Так, мой дорогой Друг, невозможно согласиться с юридической теорией спасения, которая пренебрегает и воплощением, и воскресением, а знает одну только Голгофу с померкшим солнцем, со смятенной тварью, с трепещущей землей, с распадающимися камнями. Эта теория – чужая, нецерковная, в церковное богословие проникшая всего только двести лет назад, утвердившаяся здесь после разгрома Православной Русской Церкви Петром I. Теория эта, приспособленная к Православию, противоречива, ничего не объясняет. Наконец, она прямо вредна для нравственной жизни. Однако представь, мой Друг, что и у нас эта теория находит до сих пор защитников, которые отстаивают ее с энергией, достойной более почтенного приложения. Я никак не могу понять, на что она им нужна, чем она им дорога, почему так мила и любезна. А ведь иные на отвержение юридической теории искупления склонны смотреть как на какой-то поход против Православия. Даже такие безусловно чуждые Православию понятия, как удовлетворение и заслуга, у нас находят защитников. А по-моему, допустить эти понятия в богословие – значит исказить чистый образ здравых учений о спасении. Особенно замечательно, Друг, вот что. Противников юридической теории искупления (к каковым и я считаю священным долгом принадлежать) у нас иногда обвиняют... в чем бы ты думал? В протестантстве. Господи Боже! Да ведь протестанты о спасении лжемудрствуют не лучше католиков. Они тоже за юридическую теорию держатся. Противники юридической теории указывают на несомненно католическое ее происхождение, а защитники ее упрекают их в симпатиях к немцам-протестантам. Вот уж не повинен я в такой склонности к немцам-протестантам. Откровенно тебе, мой Друг, говорю: ни одной протестантской немецкой книжки о спасении я не прочитал. Пытался читать, но через несколько страниц бросал с отвращением – та же схоластика безжизненная, как у католиков или у наших догматистов XVIII- XIX веков. Учение о спасении я почерпал у святителей Иринея Лионского , Афанасия Великого, Григория Богослова, Григория Нисского, Кирилла Александрийского, у преподобного Иоанна Дамаскина, во всех наших богослужебных книгах, где говорят вдохновенные песнописцы древней Церкви.

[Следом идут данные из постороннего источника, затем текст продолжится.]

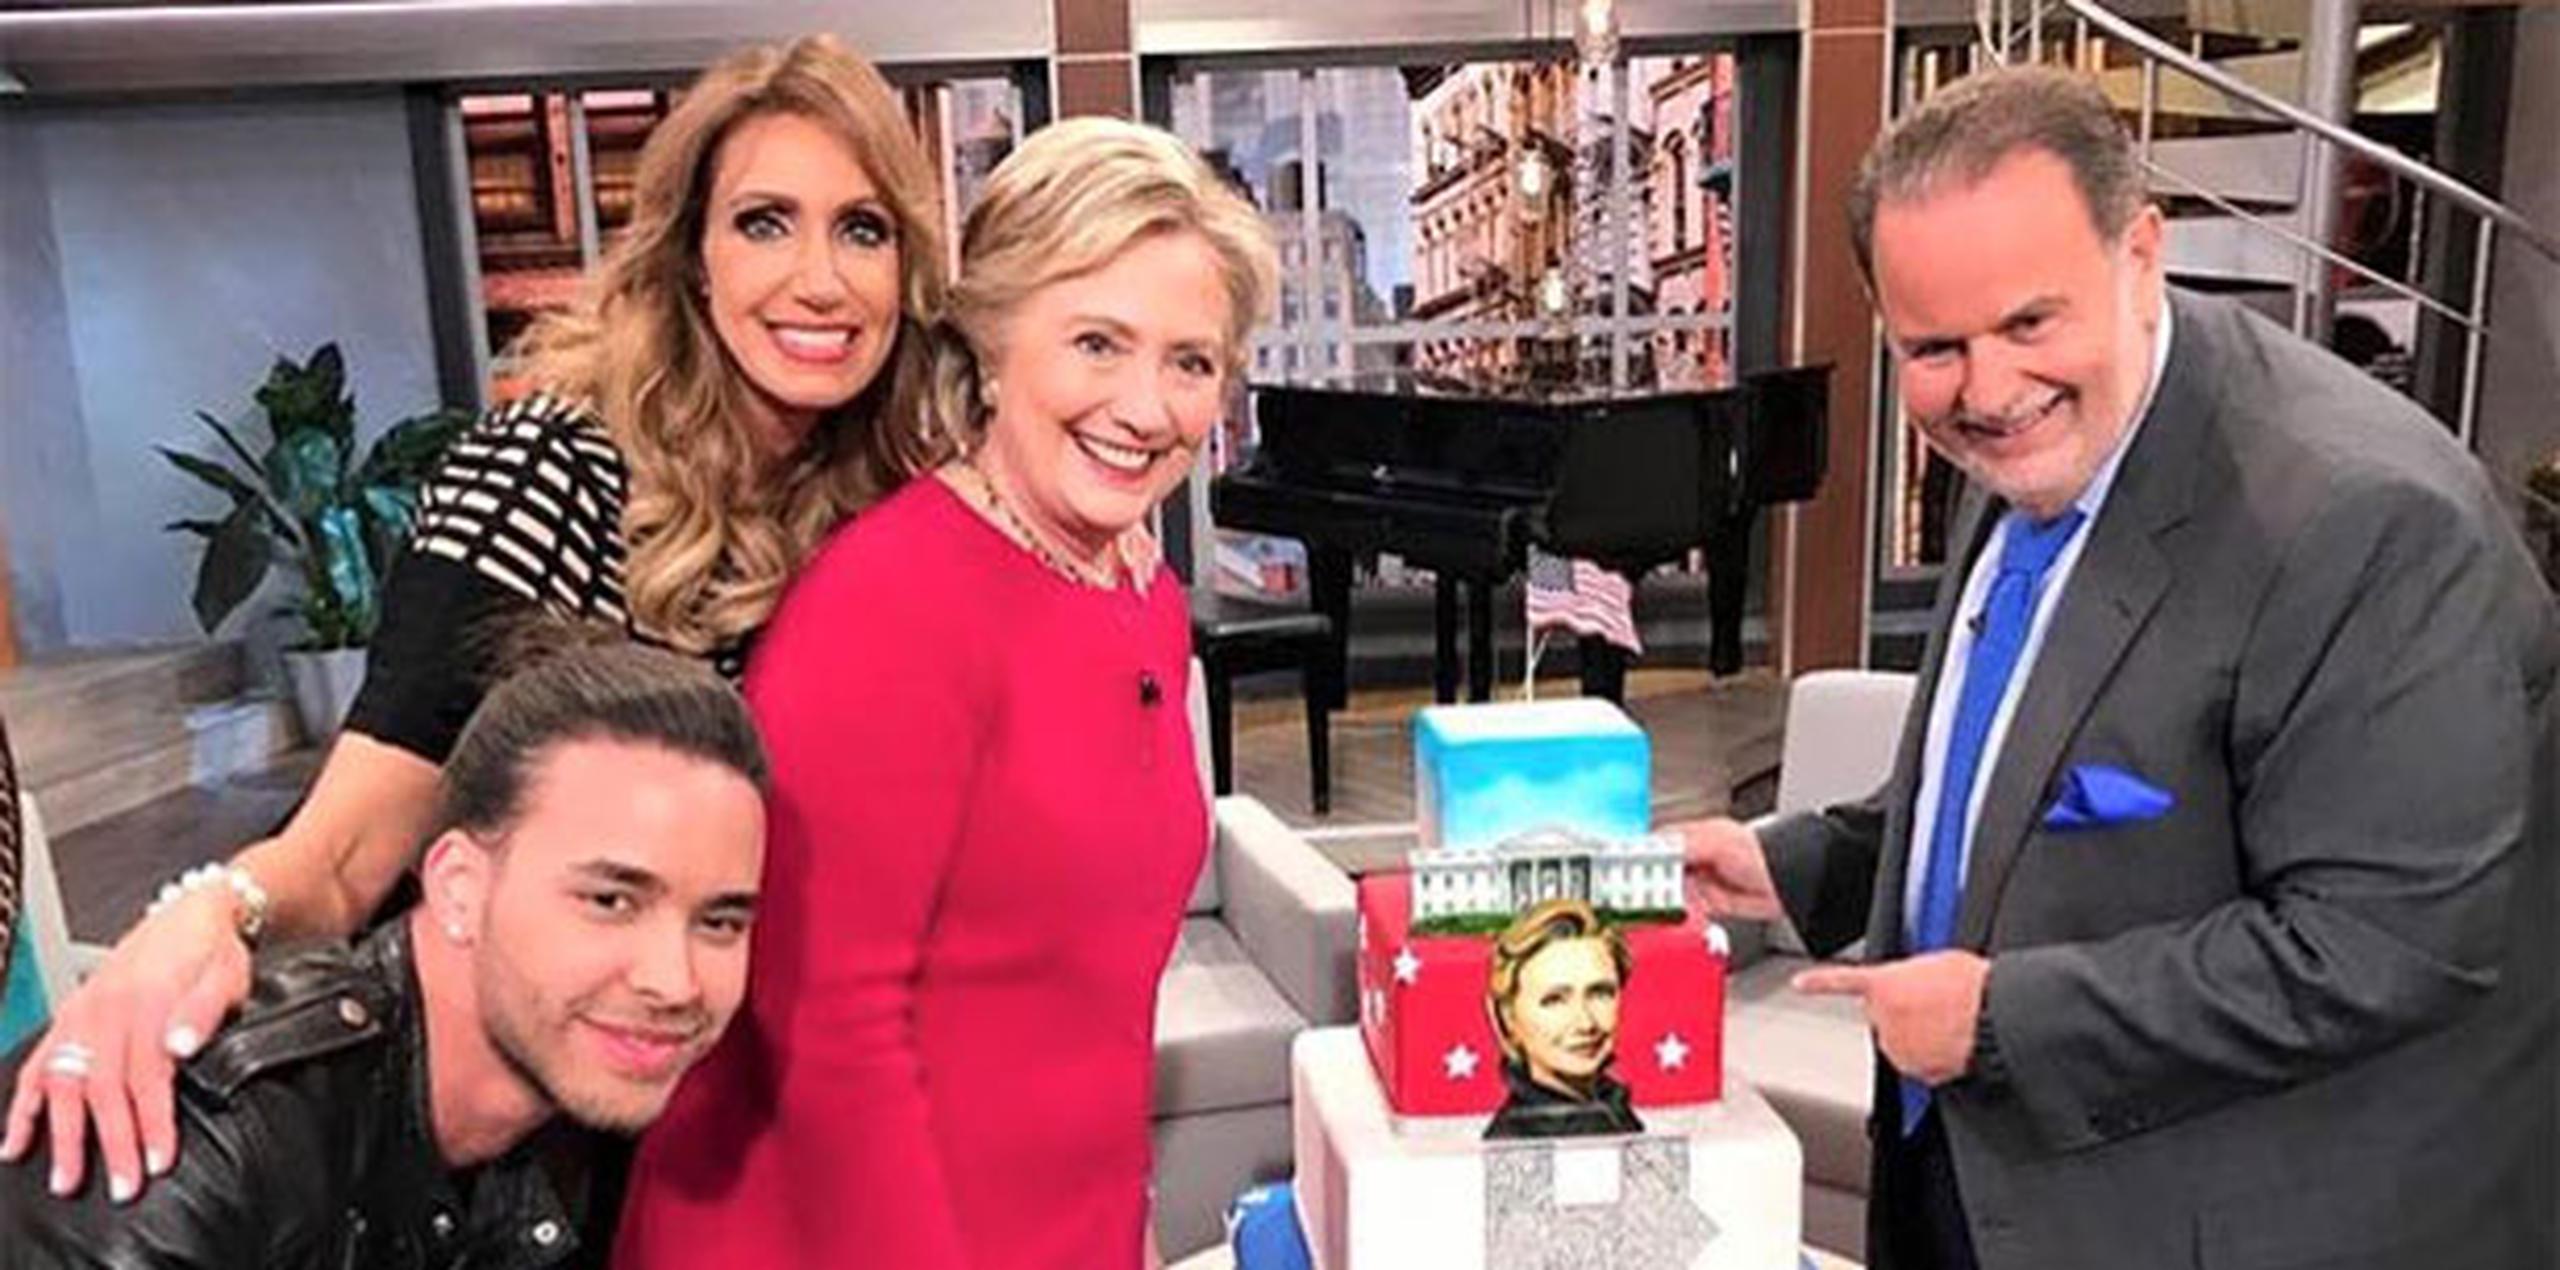 Los presentadores celebraron con un día de anticipación el cumpleaños 69 de Clinton con un bizcocho, y el cantautor Prince Royce entonó el "Cumpleaños Feliz" acompañado de mariachis. (facebook)

Благодарение Господу Богу, слепое доверие к измышлениям католического средневековья у нас на Руси за последние 25 лет стало значительно колебаться. Уже давно появились книги – отца П. Я. Светлова «Значение Креста в деле Христовом»5, архимандрита (ныне архиепископа) Сергия6 «Православное учение о спасении». Обе эти книги, может быть, и появились в свете-то благодаря участию архиепископа Антония7, который уже 30 лет неустанно ратует за очищение нашего богословия от католической схоластики. Сказать тебе, Друг, по правде – книги отца Светлова и архиепископа Сергия меня все же не удовлетворяют, и именно в одном пункте: недостаточно в них значения придано самому факту воплощения Сына Божия на земле, хотя у отца Светлова во второй главе собран прекрасный святоотеческий материал и по вопросу о воплощении, которое только не поставлено в центре работы, посвященной значению Креста.
В кратком очерке учение о спасении, начинающееся в Вифлееме и через Голгофу приходящее к воскресению и Елеону, можно изложить так.
В раю люди согрешили. Их грех состоял в непослушании воле Божией, то есть в утверждении своей воли, в своеволии. Человек отвернулся от Бога, злоупотребив свободой. Грех – не преступление, не оскорбление Бога. Это болезнь и несчастье человека. Созданный в нетление и блаженство, человек мог оставаться таким, лишь осуществляя волю Божию. А нарушение этого основного закона бытия имело непосредственным следствием извращение естества человеческого. Грех был потерей духовного здоровья. Человек подпал тлению, смерти и страданию. Первоначальное состояние человека само в себе носило источник блаженства. Искаженное естество само в себе получило источник страдания. От этого состояния страдания и нужно было человека исцелить, спасти. Дело не в прощении греха и не в удовлетворении оскорбленного Бога, а в исцелении самого человека и в возвращении ему первобытного блаженства. Сам больной себя исцелить не мог. Премудрость и благость Божия создает домостроительство воплощения. Сын Божий воплощается, и в единой Ипостаси Богочеловека соединяются два естества – Божеское и человеческое – «неслитно, неизменно, нераздельно, неразлучно». Это единение естеств само в себе есть источник спасения человека. Происходит обновление человека, «обожение человека», новое творение. Некогда Адама Бог сотворил, персть взем от земли. Адам снова в персть обратился. От этой персти Адама перстного, Слово, воплощаясь, заимствует от Чистой Девы плоть, естество человеческое. Естество человеческое едино и не есть только отвлеченная идея. Поэтому единение Бога и человека во Христе есть вечное единение Божества с человечеством. Реальным единством человечества объясняется переход Адамова греха на ветхозаветного человека. Тем же единством объясняется спасение всех во Христе. Не долги здесь перекладываются с одного на другого, но самое естество человеческое изменяется. Человечество получает новые силы. Восстановляется красота изначальная нашего естества (слова святителя Кирилла Александрийского). Начинается новое бытие. Восстановляется рассеченное грехом единство рода человеческого.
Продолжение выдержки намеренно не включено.